WHAT YOU HAVE TO DO - Copy each line below exactly as it appears. Pictures are to be omitted.

SUPPLIED DATA -
------------------------------------

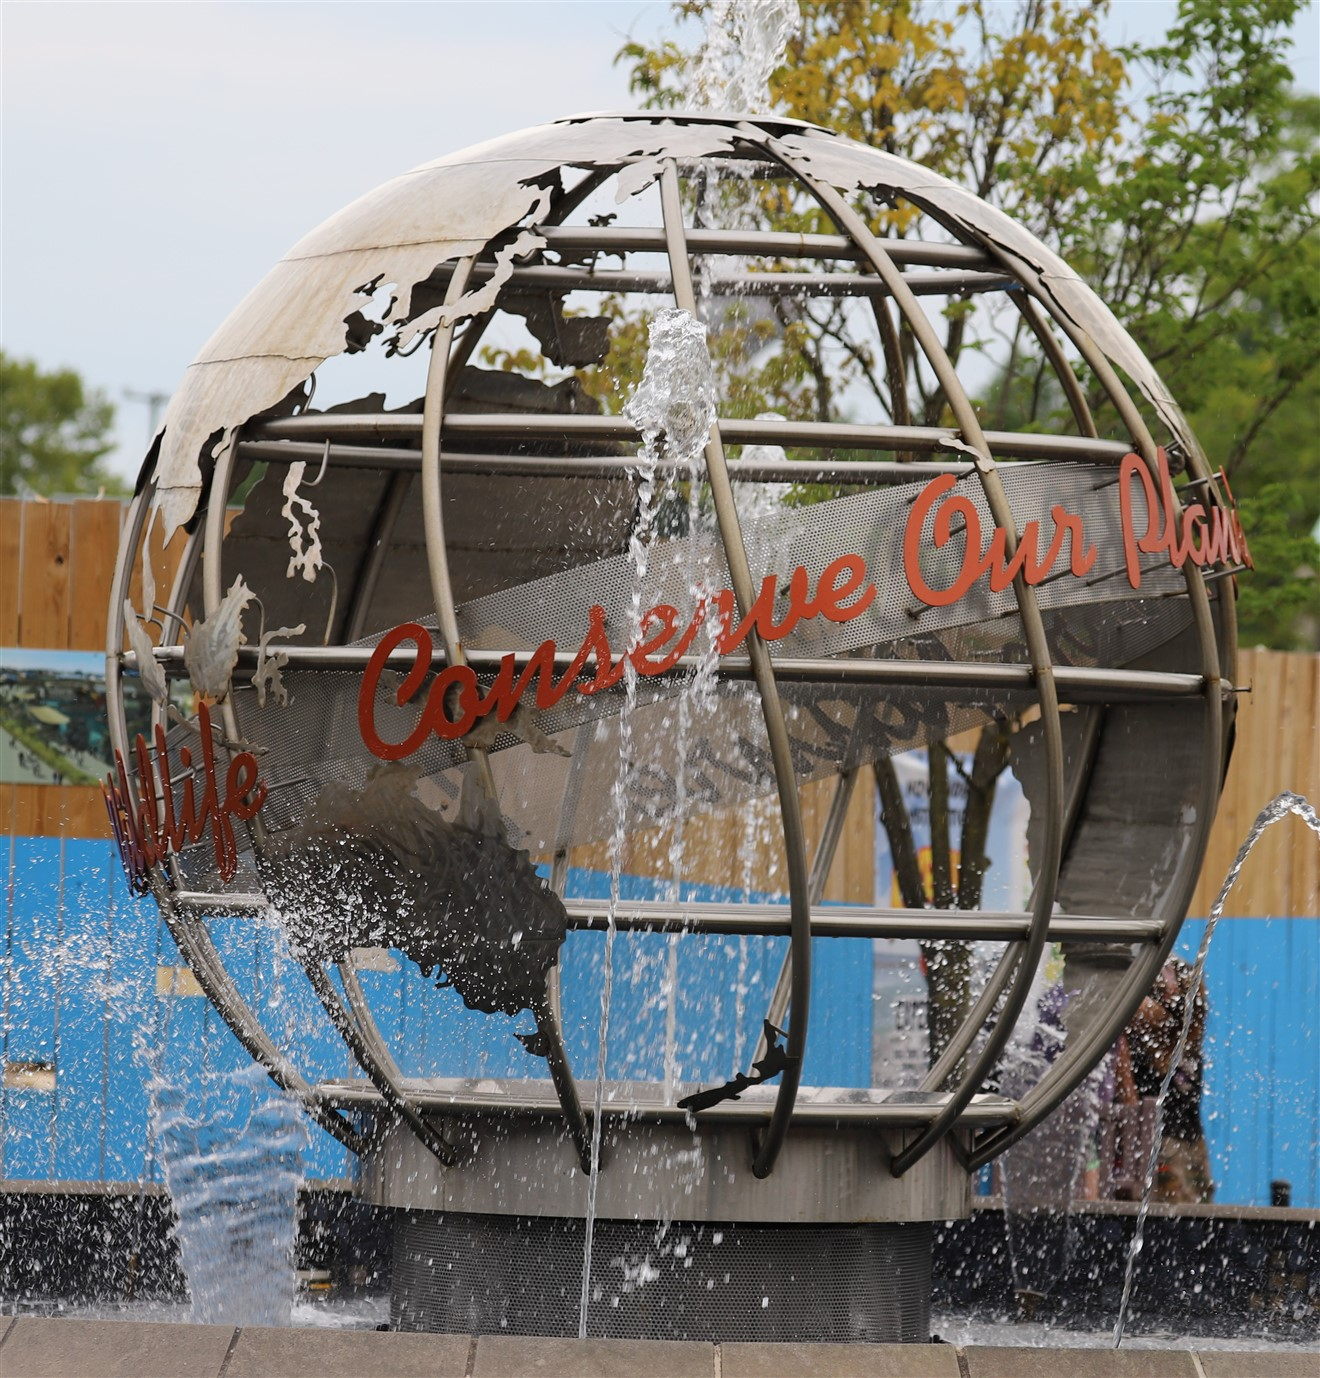 2018 07 29 154 Columbus Zoo.jpg
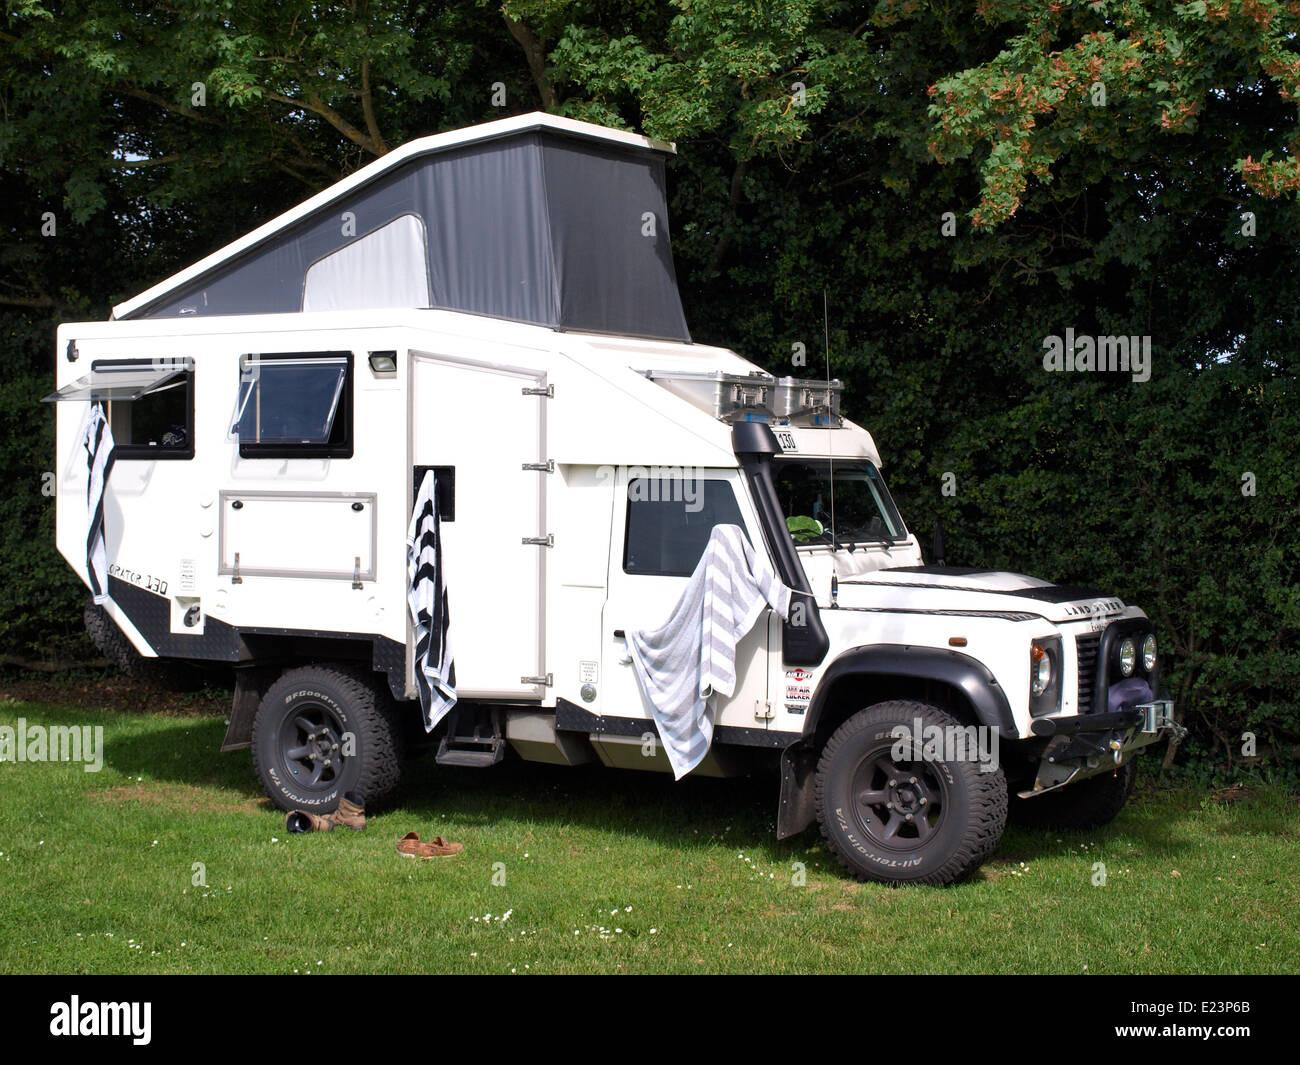 Jeep Sahara Roof Rack Land-Rover expedition vehicle Stockfoto, Lizenzfreies Bild ...
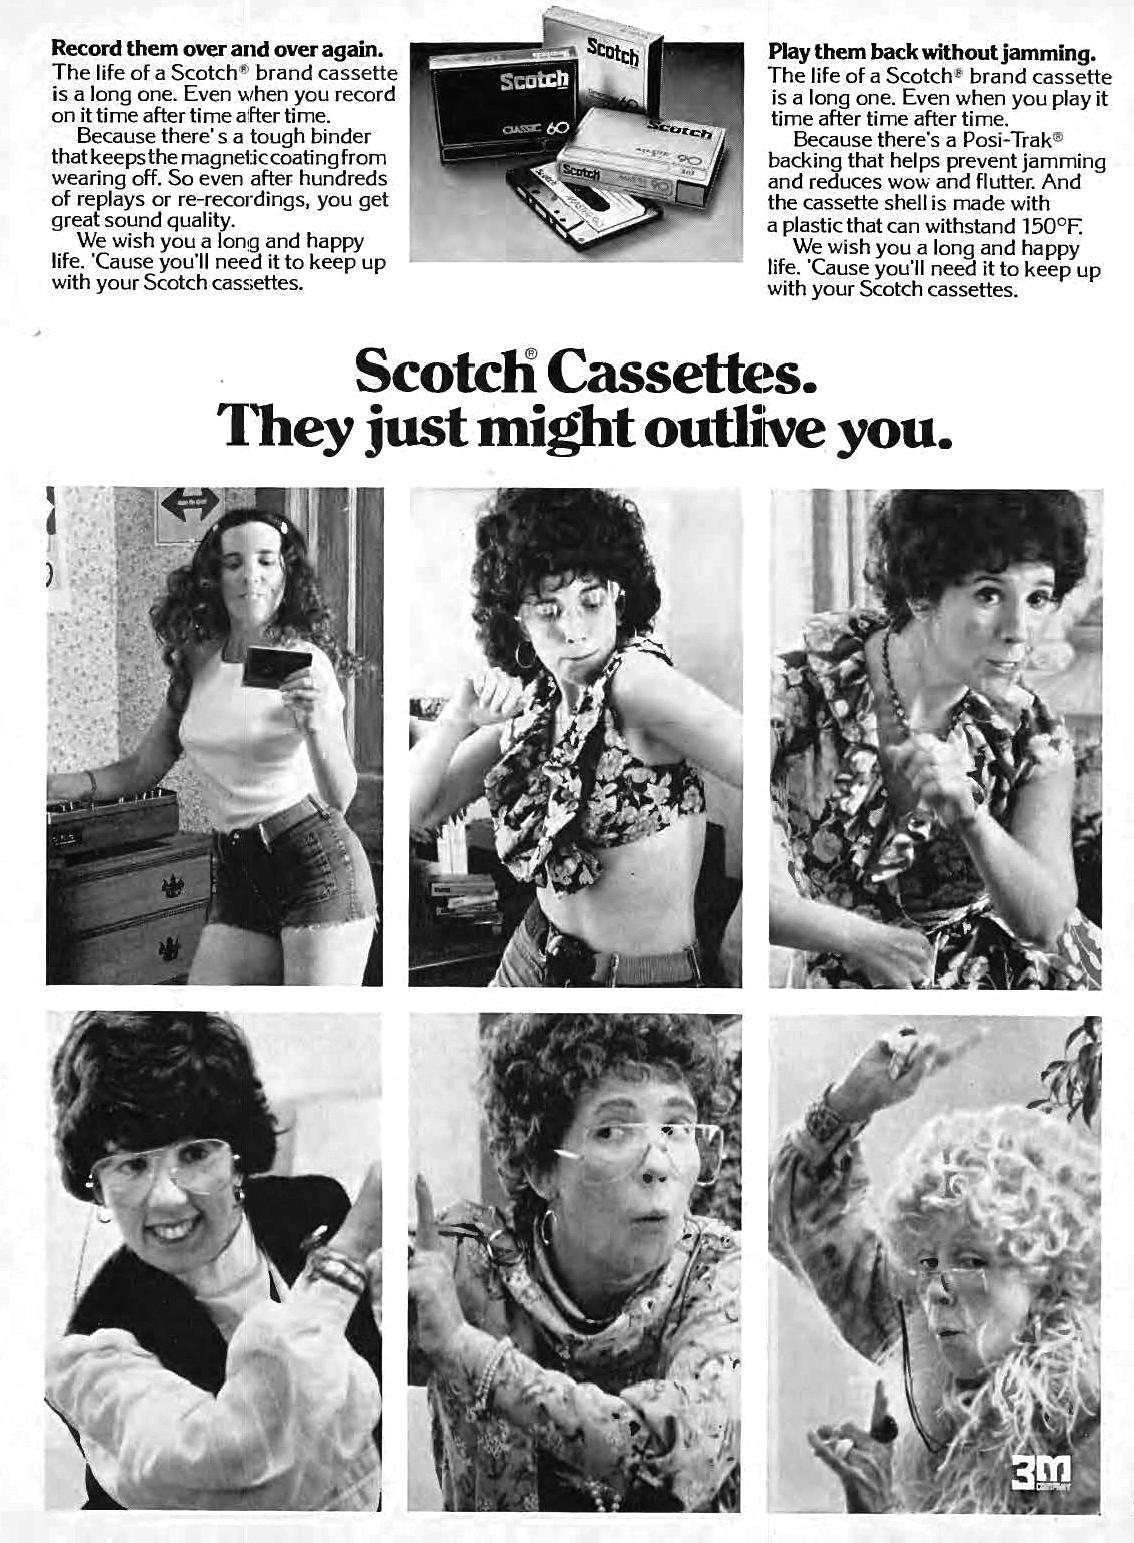 scotch_age_cassette-ad-playboy-magazine-09-september-1976.jpg
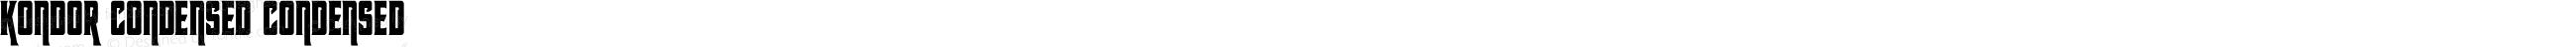 Kondor Condensed

------------------------------------

RESPONSE BOX -
 2018 07 29 154 Columbus Zoo.jpg
 Jeep Sahara Roof Rack Land-Rover expedition vehicle Stockfoto, Lizenzfreies Bild ...
 scotch_age_cassette-ad-playboy-magazine-09-september-1976.jpg
 Kondor Condensed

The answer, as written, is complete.